Making a Voluntary Exit

Private companies are not liquid. As a result, there is no readily accessible market to sell shares. In contrast, public companies list on a stock exchange and can sell shares readily. Sometimes, companies may know a third party purchaser who would like to purchase shares in that company, but often there is no obvious buyer.

If there is no ready third party purchaser, the shareholder can make a voluntary exit in two ways:

  1. the shareholder sells its shares to one or more existing shareholders in the company; or
  2. the company undertakes a selective buy-back of the exiting shareholder’s shares.

A combination of both may also be possible.

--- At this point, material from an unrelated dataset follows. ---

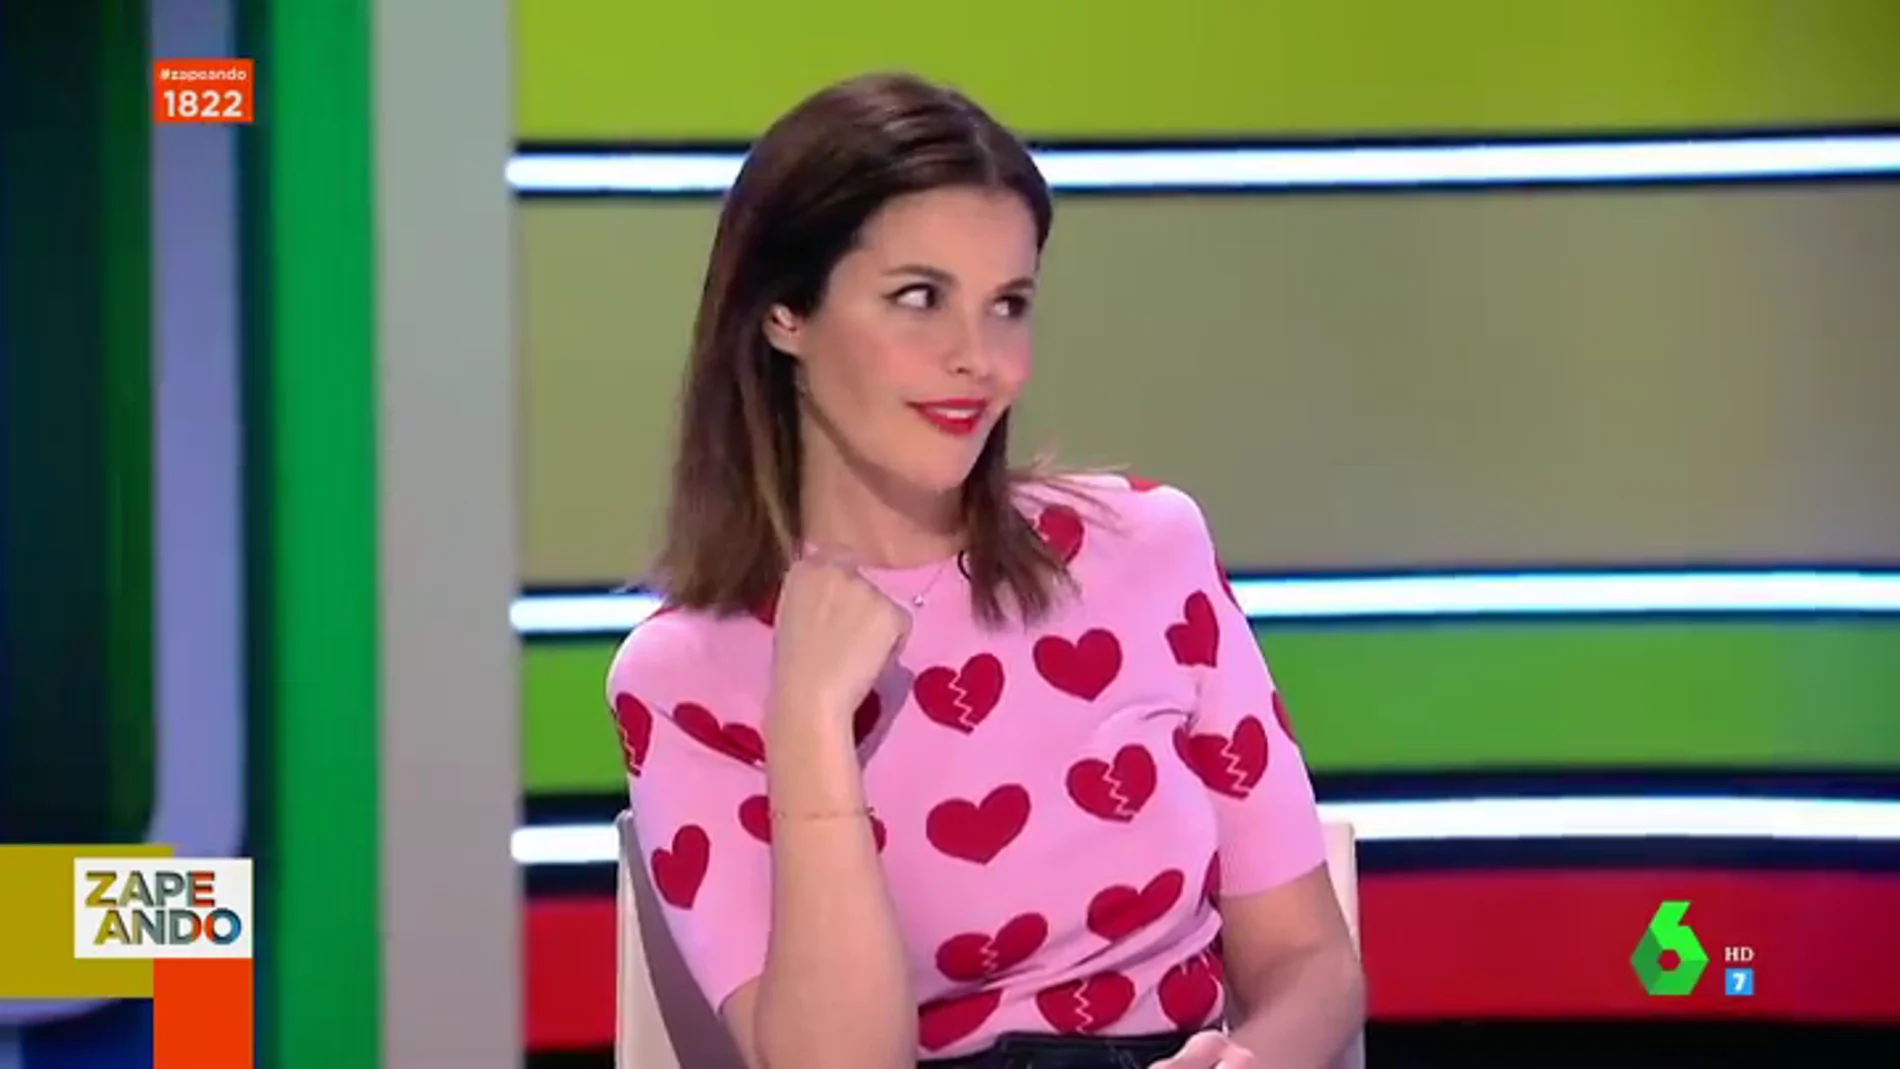 La divertida reacción de Marta Torné cuando Dani Mateo le pone morritos en directo: "Es mi favorita"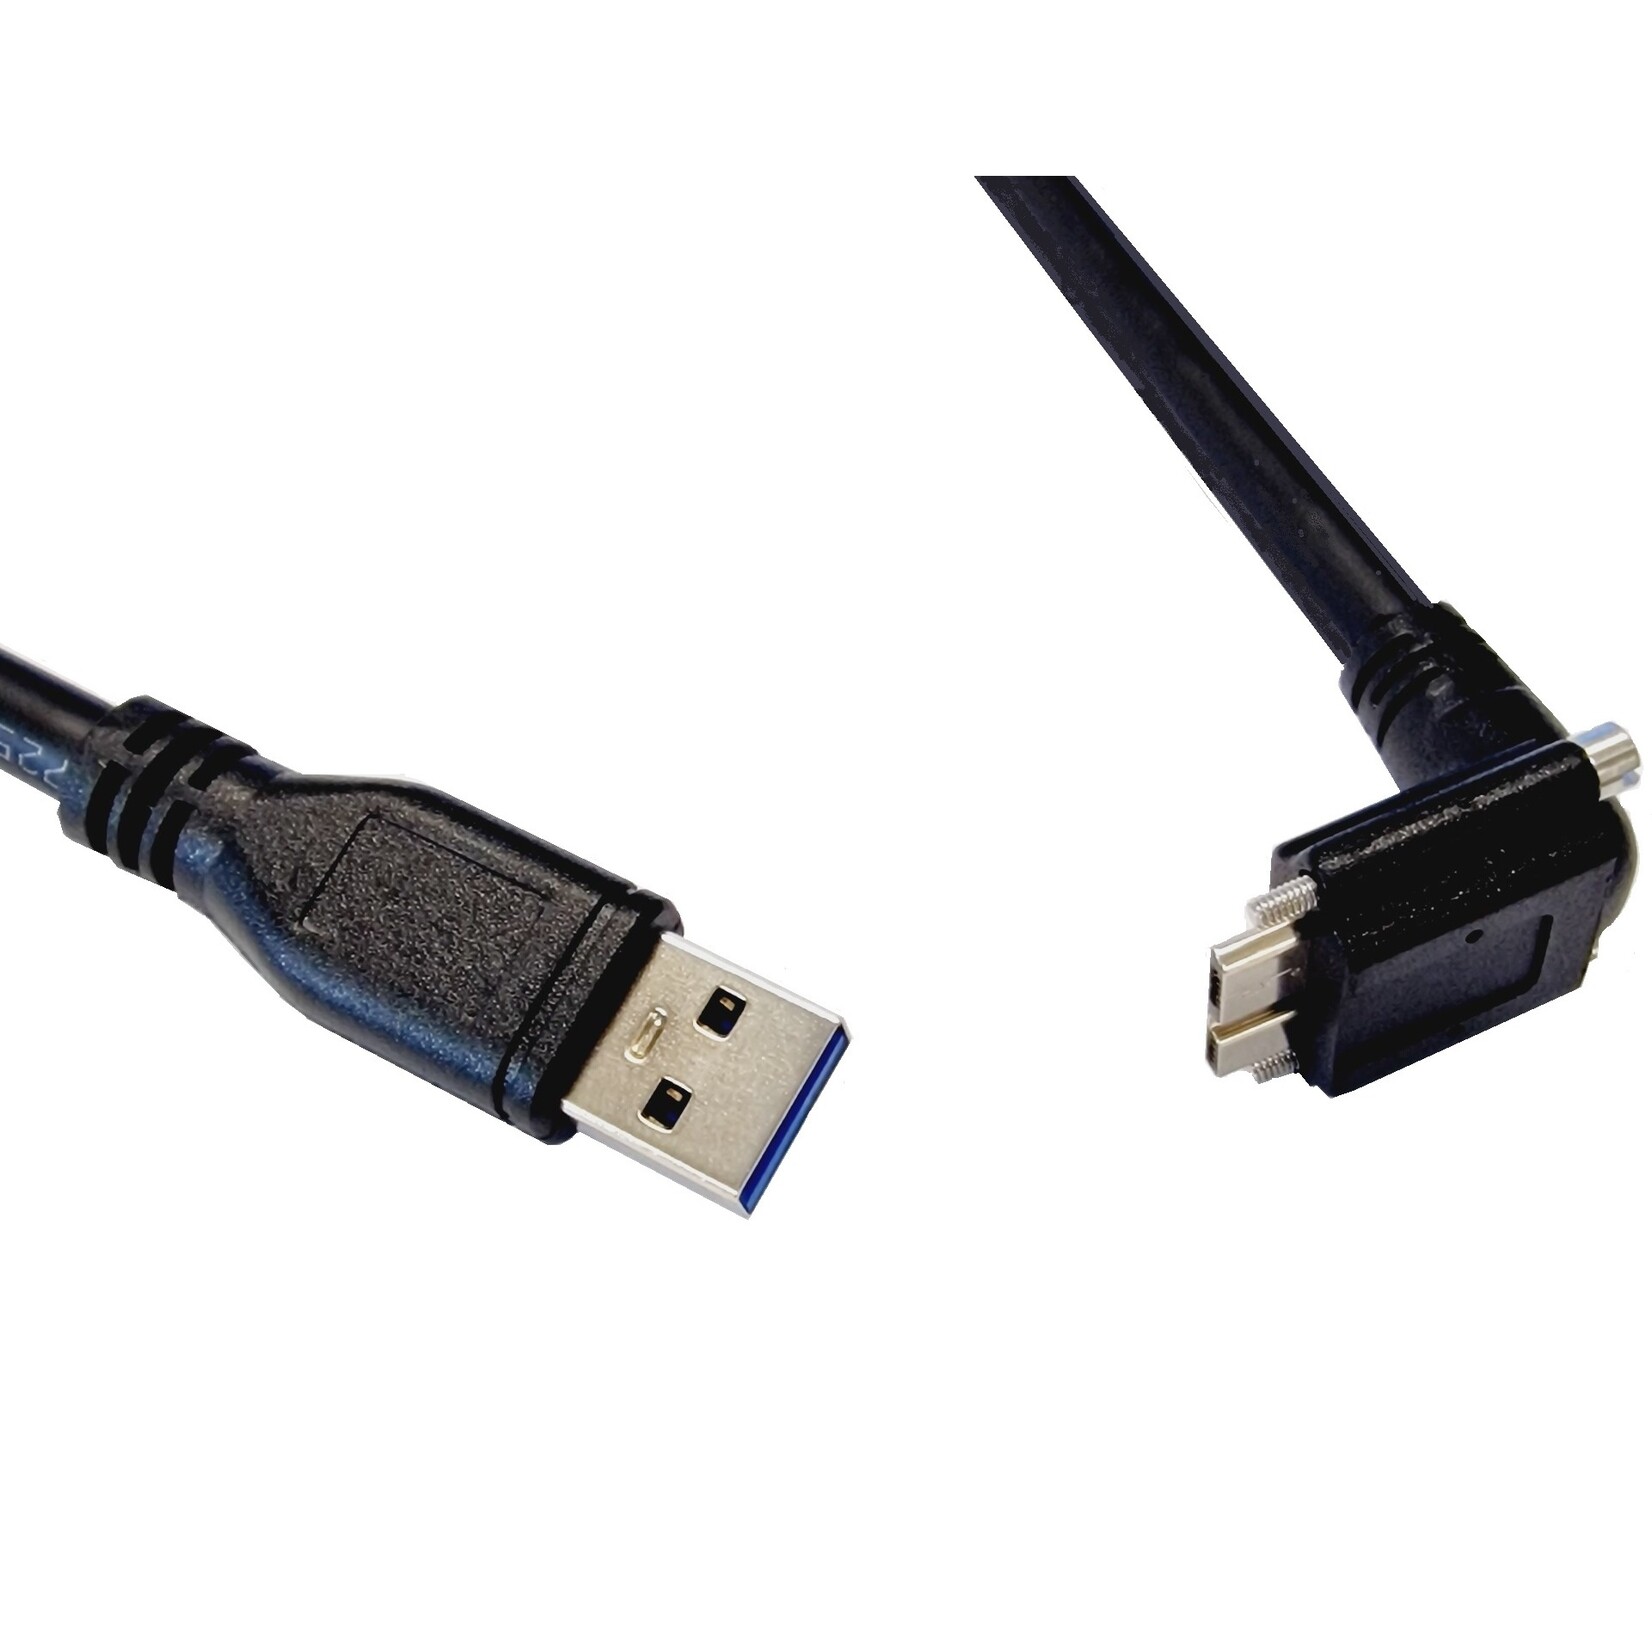 Cabo USB 3, USB Mico B com parafusos, inclinado para a frente, com 5 metros de comprimento

Option 1: Share Sale to Remaining Shareholders

A share sale is where other shareholders in the company buy the shares from the exiting shareholder. Consequently, the overall shareholding of the buying shareholder will increase, depending on the number of shares they purchase. Going forward, the seller either holds less shares (where there is a sell-down) or is no longer a shareholder (where there is a total sell-off).

Importantly, the seller is selling an asset, so they need to consider any tax consequences. Where the shares are capital assets, capital gains tax exemptions or reductions may be available. In this case, it is best practice for the seller to seek tax advice before the sale.

Price, Purchase and Market Value

The parties need to agree on the share price. Shares are usually sold at market value. As private companies are not marketed on a stock exchange, the buyer and seller will often need assistance to determine the company value. It may be helpful to work with the company accountant, as they may know how to value the company. Alternatively, the parties can seek an independent valuation by a valuation expert.

The incoming shareholders usually buy the shares with their own funds, However, a purchaser may acquire their shares with loan funds, whether from an external lender or under a vendor-financing arrangement.

Any share sale below market value may have tax implications for the exiting shareholder.

Notably, there are two key legal documents to effect the share transfer:

  1. a share transfer form to legally transfer the shares; and
  2. a share sale and purchase agreement, negotiated between the parties, to address issues such as:
    (i) confirming the seller has no inside or special knowledge about the company which has prompted the sale;
    (ii) protecting confidential information;
    (iii) protecting intellectual property; and
    (iv) non-compete, non-disparagement and non-poaching clauses.

After a Sale

Following the completion of any sale:

  • the company will need to update the member’s register;
  • the company must cancel the seller’s share certificate;
  • new share certificate(s) will need to be issued to the purchaser(s); and
  • the company must notify the Australian Securities and Investments Commission (ASIC) of the changes to the shareholdings.

Sometimes, changes to the officers occur as part of the share transfer. For instance, the exiting shareholder will also be vacating an officer position, such as secretary or director. In this case, the relevant officer will need to officially resign. The company must update the directors’ register, and likewise notify ASIC of the change.

Waivers

Importantly, you must always comply with set proceedures and rules within your company constitution and shareholders agreement, if applicable. Hence, when undergoing a share sale to a remaining shareholder, check that this process is first permitted.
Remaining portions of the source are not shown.